Videos of Cells and Embryos

 
 

The jellyfish Phialidium gregarium (=Clytia gregaria) is frequently found in the nearshore waters of the Pacific Northwest.  It's a small medusa (up to 20 mm) and rather insubstantial, with a transparent bell quartered by four radial canals.  All medusae are ephemeral, and so is Phialidium, but because it's a little less ephemeral than most, and because if well-fed it will spawn every morning, this species has contributed to an outsized share of the few studies of development in jellyfish. 

As in most other cnidarians, cell division in Phialidium is unipolar – the cleavage furrow ingresses from only one side of the cell.  This is more than just a curious way for a cell to divide: the site where the first cleavage furrow initiates, usually the animal pole where meiosis completed, will become the oral pole, which happens to be the posterior of the larva.*  In a classic paper (citation 1), Gary Freeman presented an elegant experimental proof that the first furrow initiation site isn't merely correlated with polarity of the embryo, but actually determines that polarization.  He suppressed first cleavage with the drug cytochalasin, then washed the drug out.  These eggs, which had missed first cleavage, had two nuclei, which each initiated a cell division furrow.  If they did so at different sites and more or less at the same time, resulting embryo developed two body axes. 
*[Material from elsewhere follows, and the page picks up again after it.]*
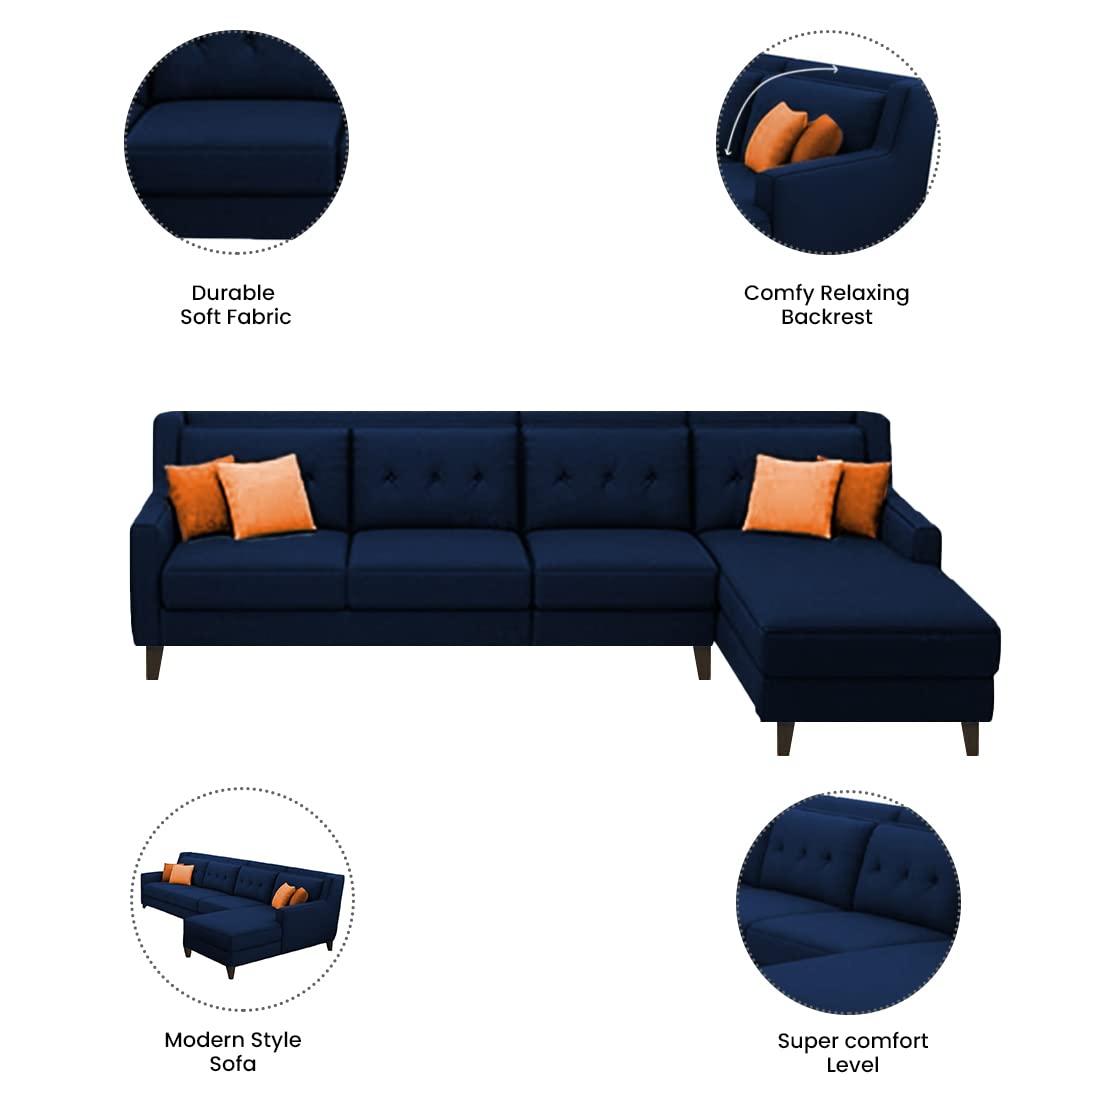 Torque India Milner L Shape 6 Seater Fabric Sofa with Ottoman For Living Room - Torque India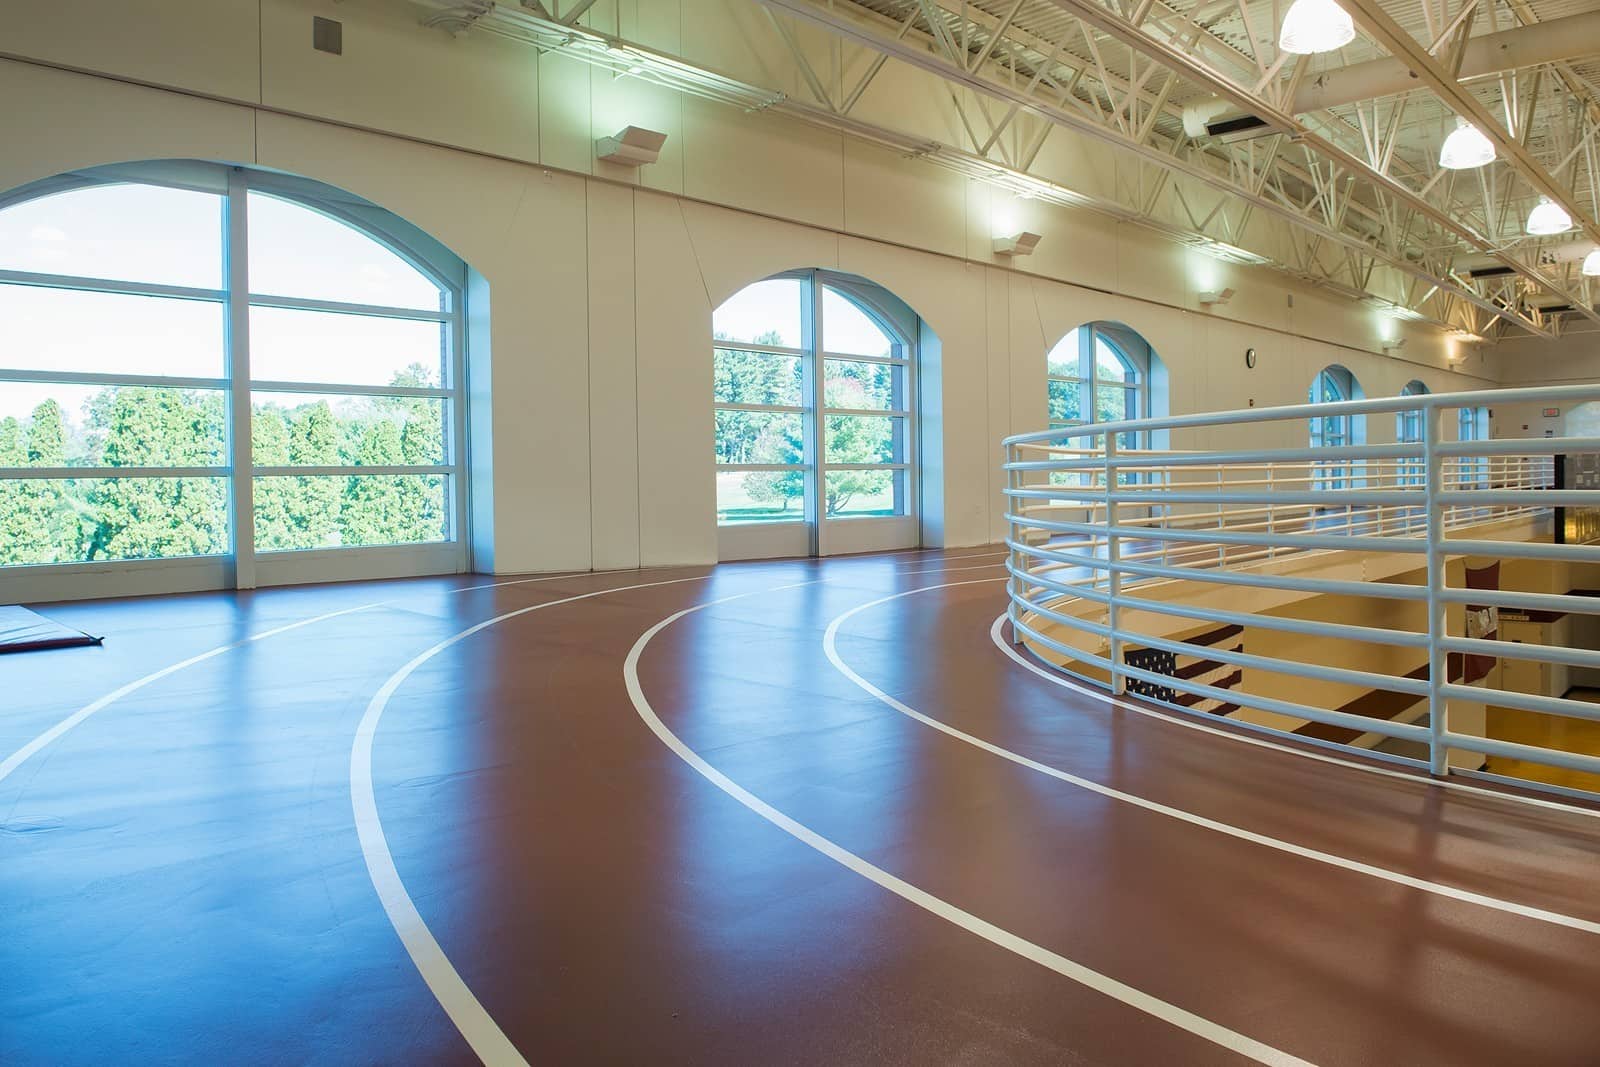 A running track inside the Athletics and Fitness Center at Vassar College, a long brown lane divided into multiple sections with large windows all the way around.

Cell division is equal, results in cells of roughly the same size, and occurs synchronously.  These embryos are so simple they're almost boring.  But because so little takes place, as one strains to find a point of interest occasionally one notices something that might pass unremarked in a flashier embryo.  Freeman, for instance, focused on the polarity of cells in the epithelium – that’s about the only trait this epithelium displays until metamorphosis – and through grafting experiments showed that the polarization initiated at first cleavage is propagated something like the polarization of dipoles in a magnet (citation 2). 

In this movie, a couple of bits of rubble draw attention to a mundane yet profound developmental transition.  First cleavage completes to the northwest, and a few bits of cytoplasm get left behind.  During the first few divisions, these fragments get slurped in and out through a space between cells.  Eventually, however, it so happens they're trapped inside.  This reveals one of the most fundamental, if little-noticed, events in the development of animals: at some point, the embryo ceases to be a cluster of loosely-associated cells, and those cells conspire to behave as a tissue.  Most often, as in this embryo, that first tissue is the single-layered epithelium, apical ends to the outside world, cell-cell junctions making seals around the sides, and basal ends facing a new, interior space.  It's no wonder that some early embryologists imagined the jellyfish embryo as the prototype for us all.


— text by George von Dassow and Katie Bennett


* Yes, that all sounds backwards if you know much about other animal embryos.  The hydrozoan planula larva swims with the oral pole behind; the aboral pole (the front end) will attach to the chosen substrate when the larva settles, and the tail end will form the hydranth, the anemone-like polyp.  The mouth will open at what is then the top-most point, which had previously been the hindmost point while the larva was swimming.  Thus the animal pole of the egg becomes the posterior pole of the larva which becomes the oral pole of polyp.  Doesn't the animal pole usually equate to the front end of the swimming larva?  Yes, but happily, such rules (like grammar) are descriptive, not pre- or proscriptive.


Citations:

1. Freeman, G. (1981) The cleavage initiation site establishes the posterior pole of the hydrozoan embryo.  Wilhelm Roux's Archives of Developmental Biology 190:123-5.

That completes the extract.